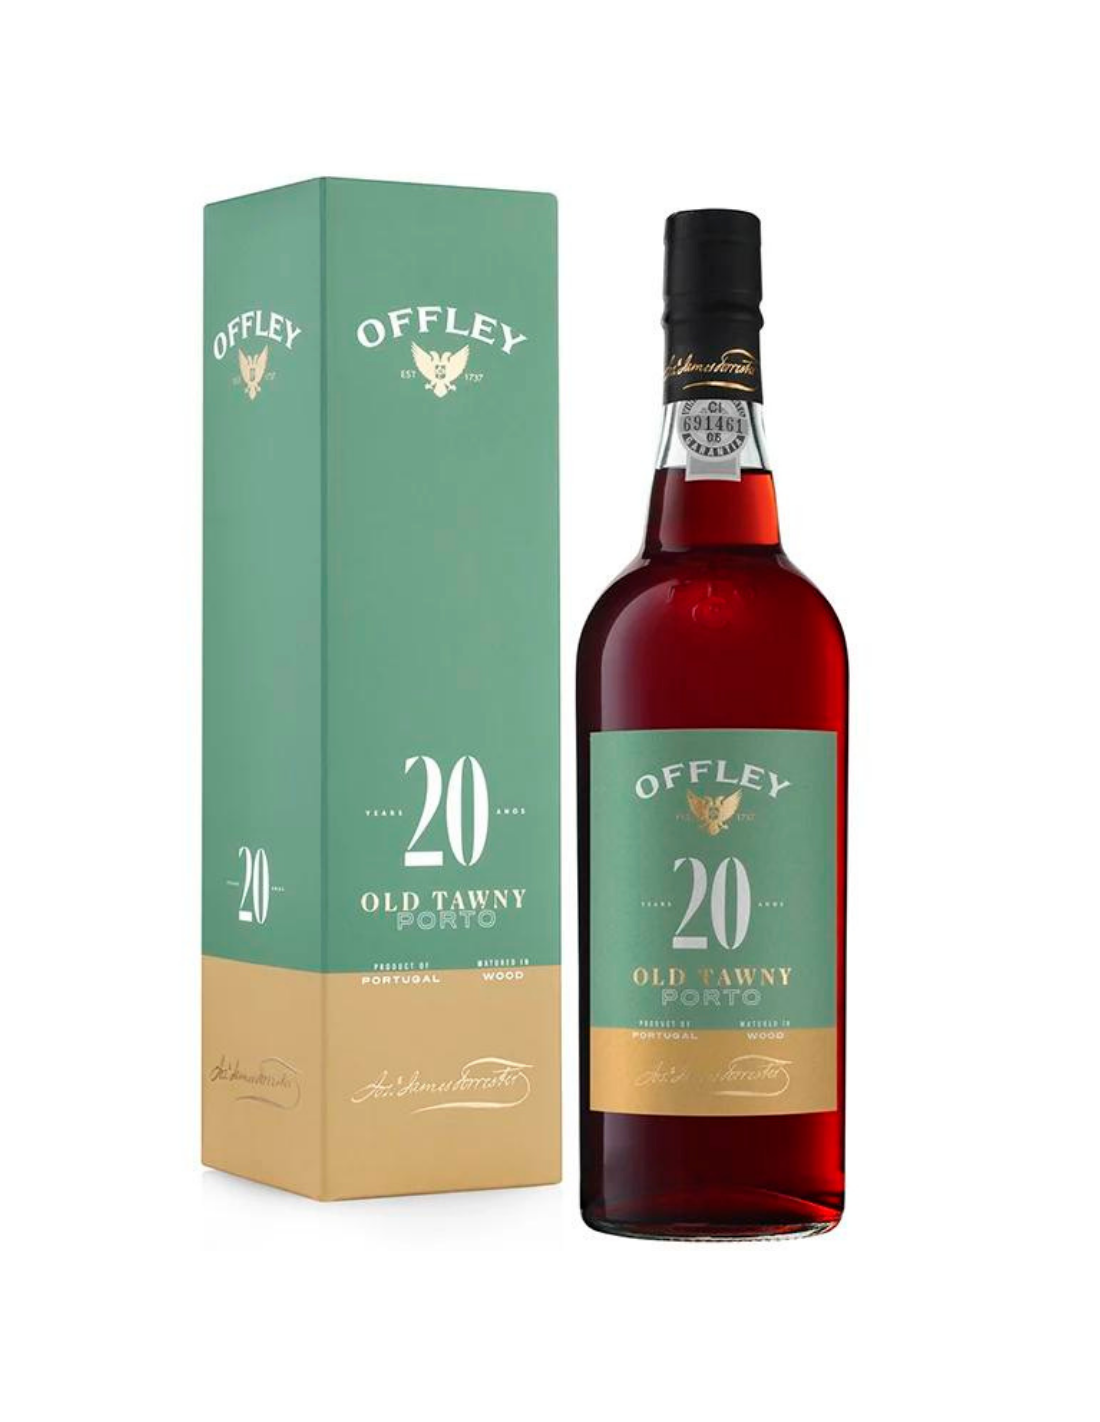 Vin porto rosu Offley 20 Years Old Tawny, 0.75L, 20% alc., Portugalia alcooldiscount.ro
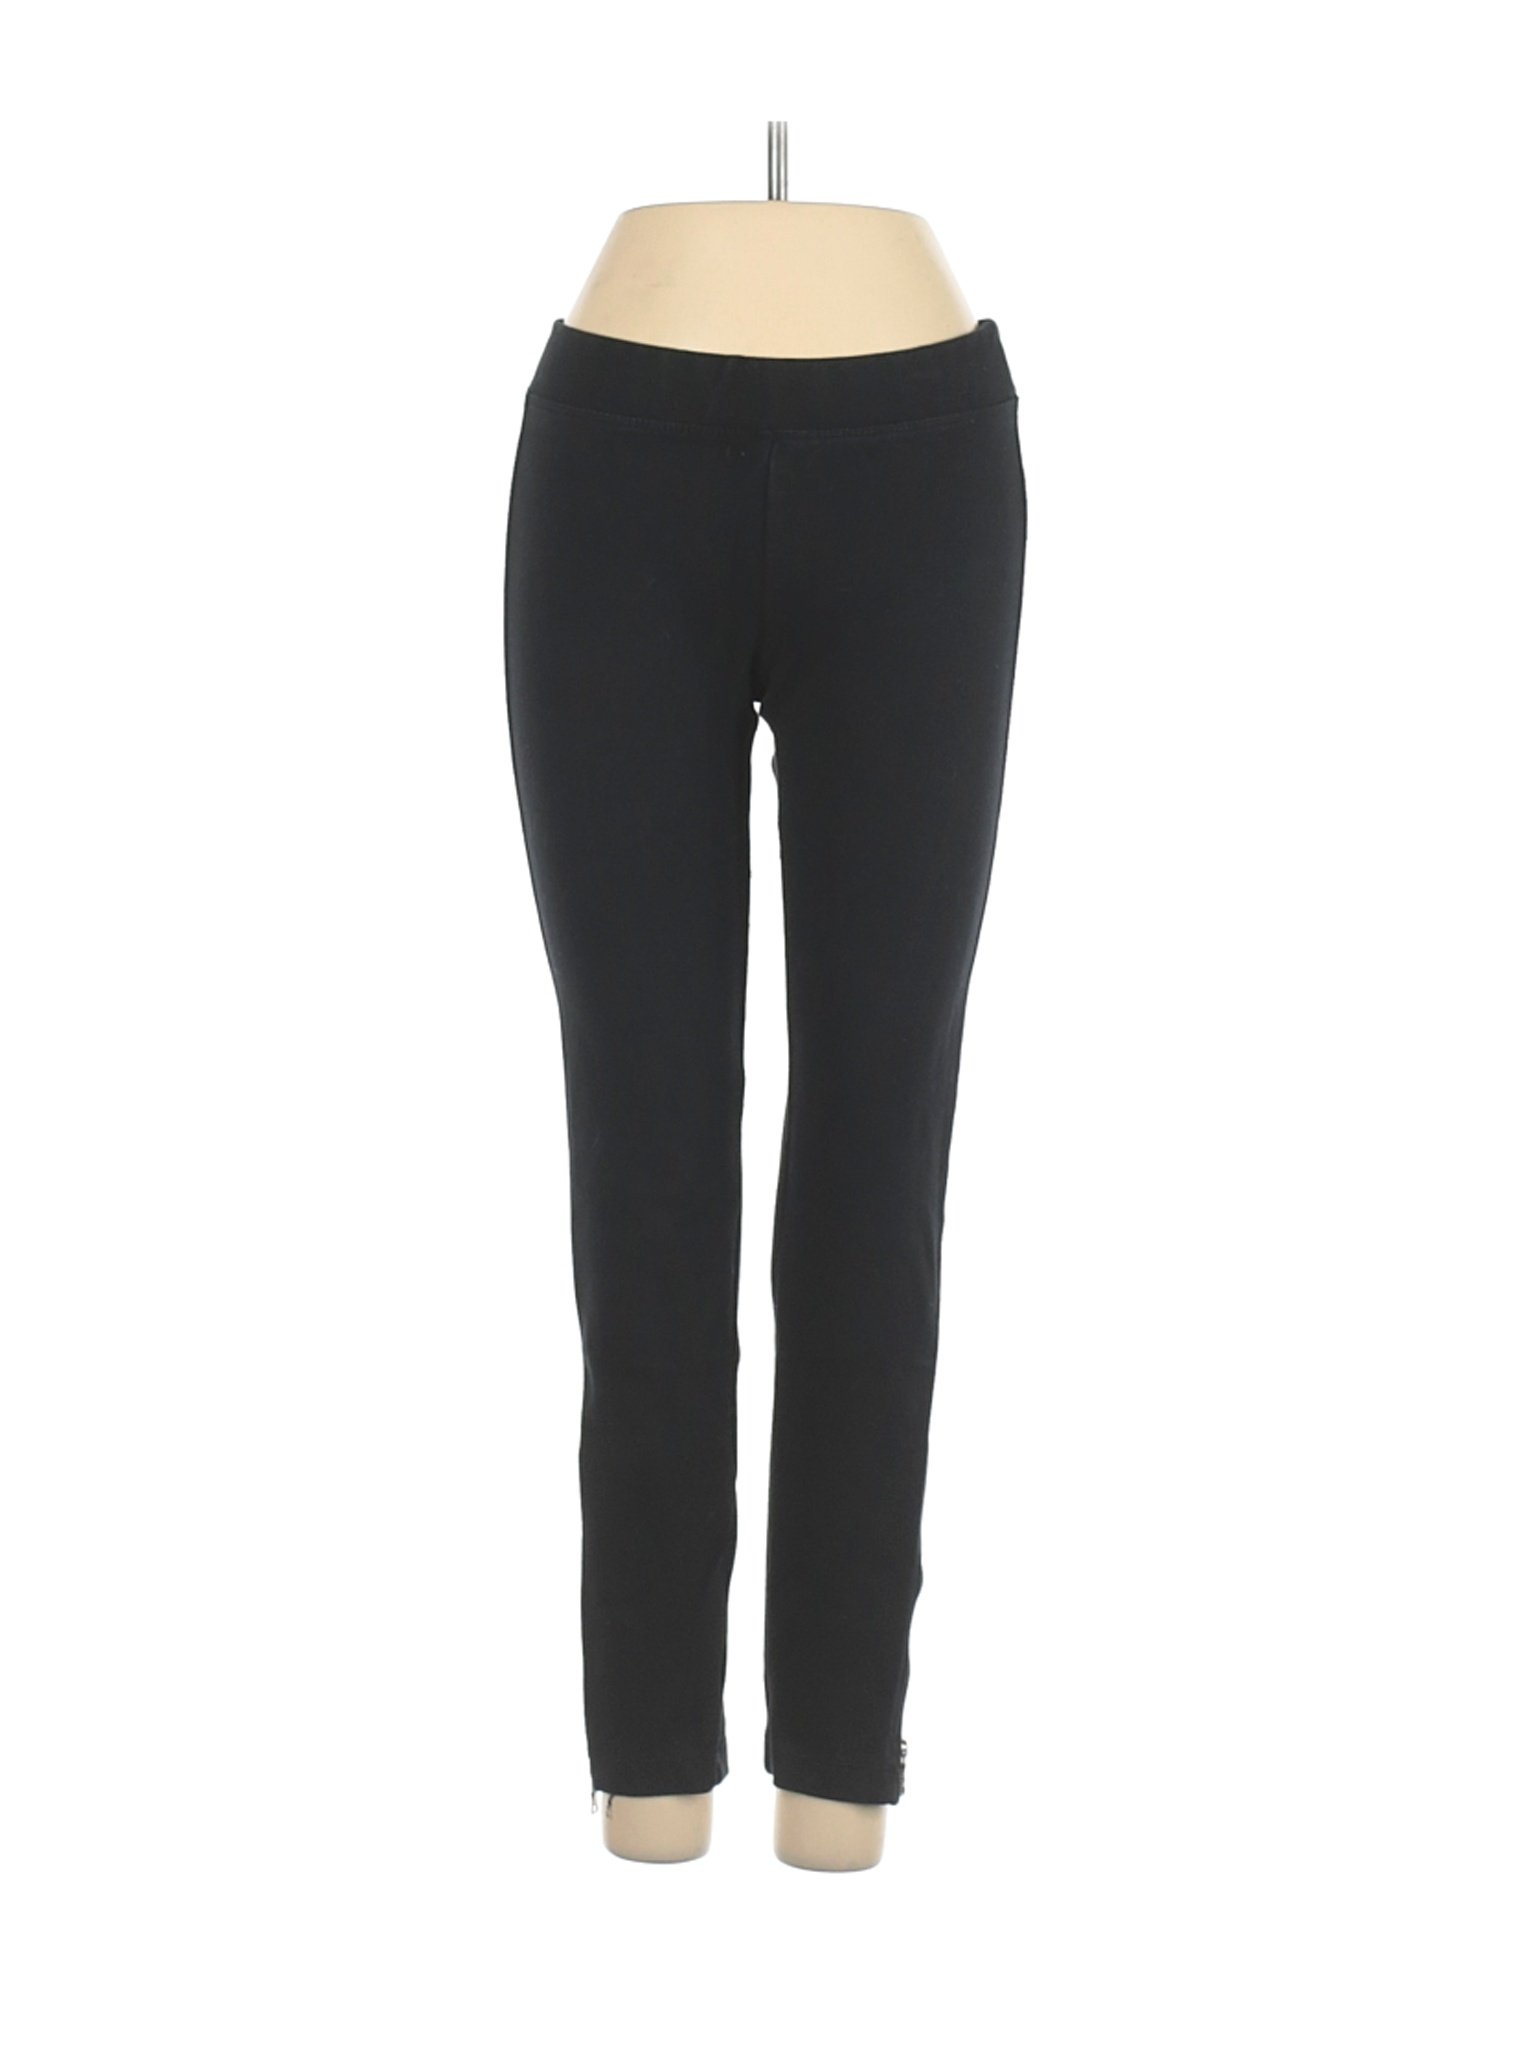 Gap Women Black Casual Pants XS | eBay
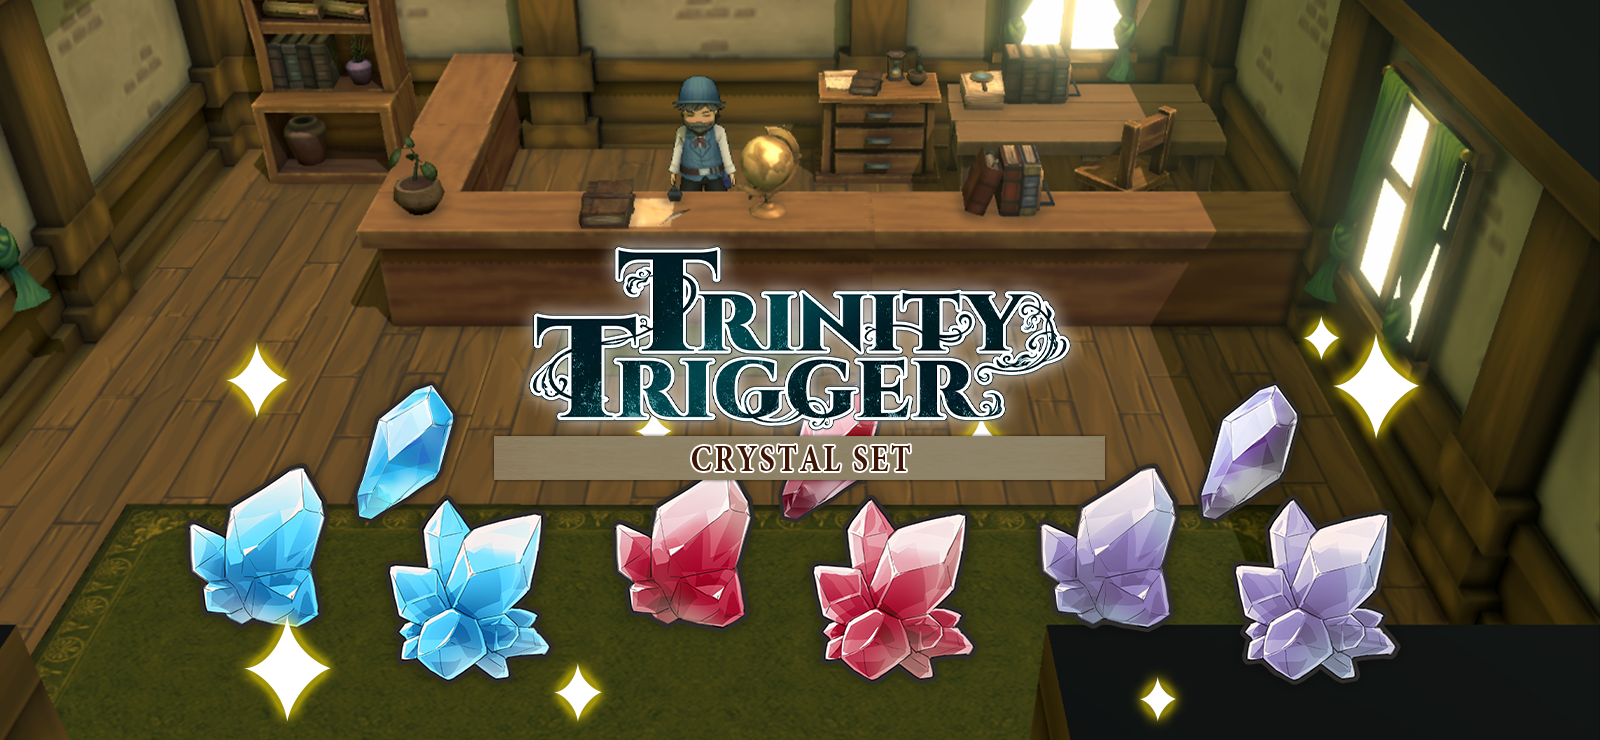 Trinity Trigger - Crystal Set
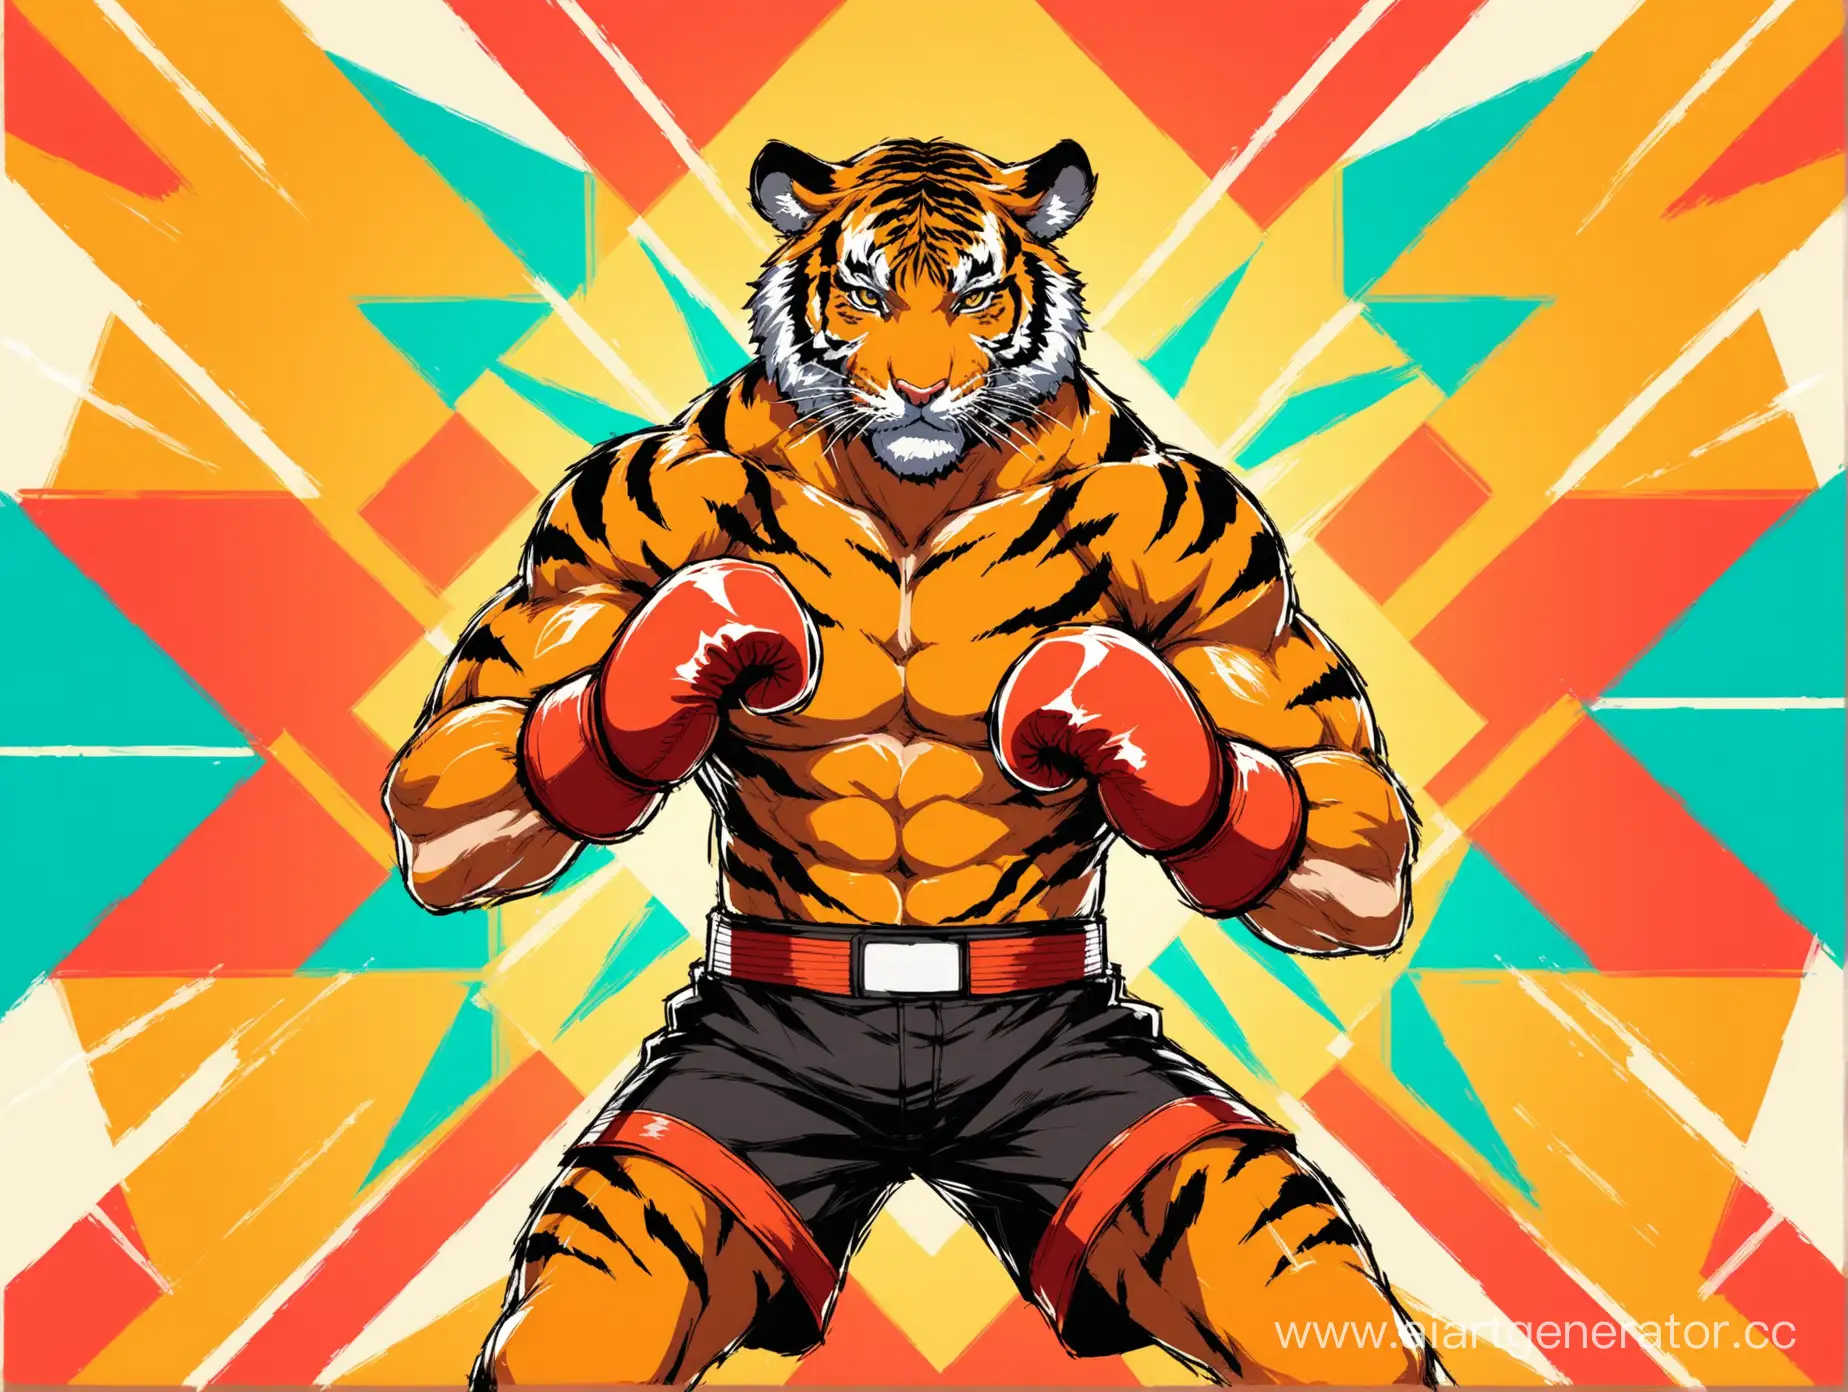 Dynamic-Tiger-Kickboxer-Against-Vivid-Geometric-Backdrop

┄┄┄┄┄┄┄┄┄┄┄┄┄┄┄┄┄┄┄┄

• [Exercise directions]
An exact copy of the listing above, minus its pictures, is what is needed here.

• [Written response]
 Vin porto rosu Offley 20 Years Old Tawny, 0.75L, 20% alc., Portugalia alcooldiscount.ro
 Gap Women Black Casual Pants XS | eBay
 Trinity Trigger - Crystal Set
 Dynamic-Tiger-Kickboxer-Against-Vivid-Geometric-Backdrop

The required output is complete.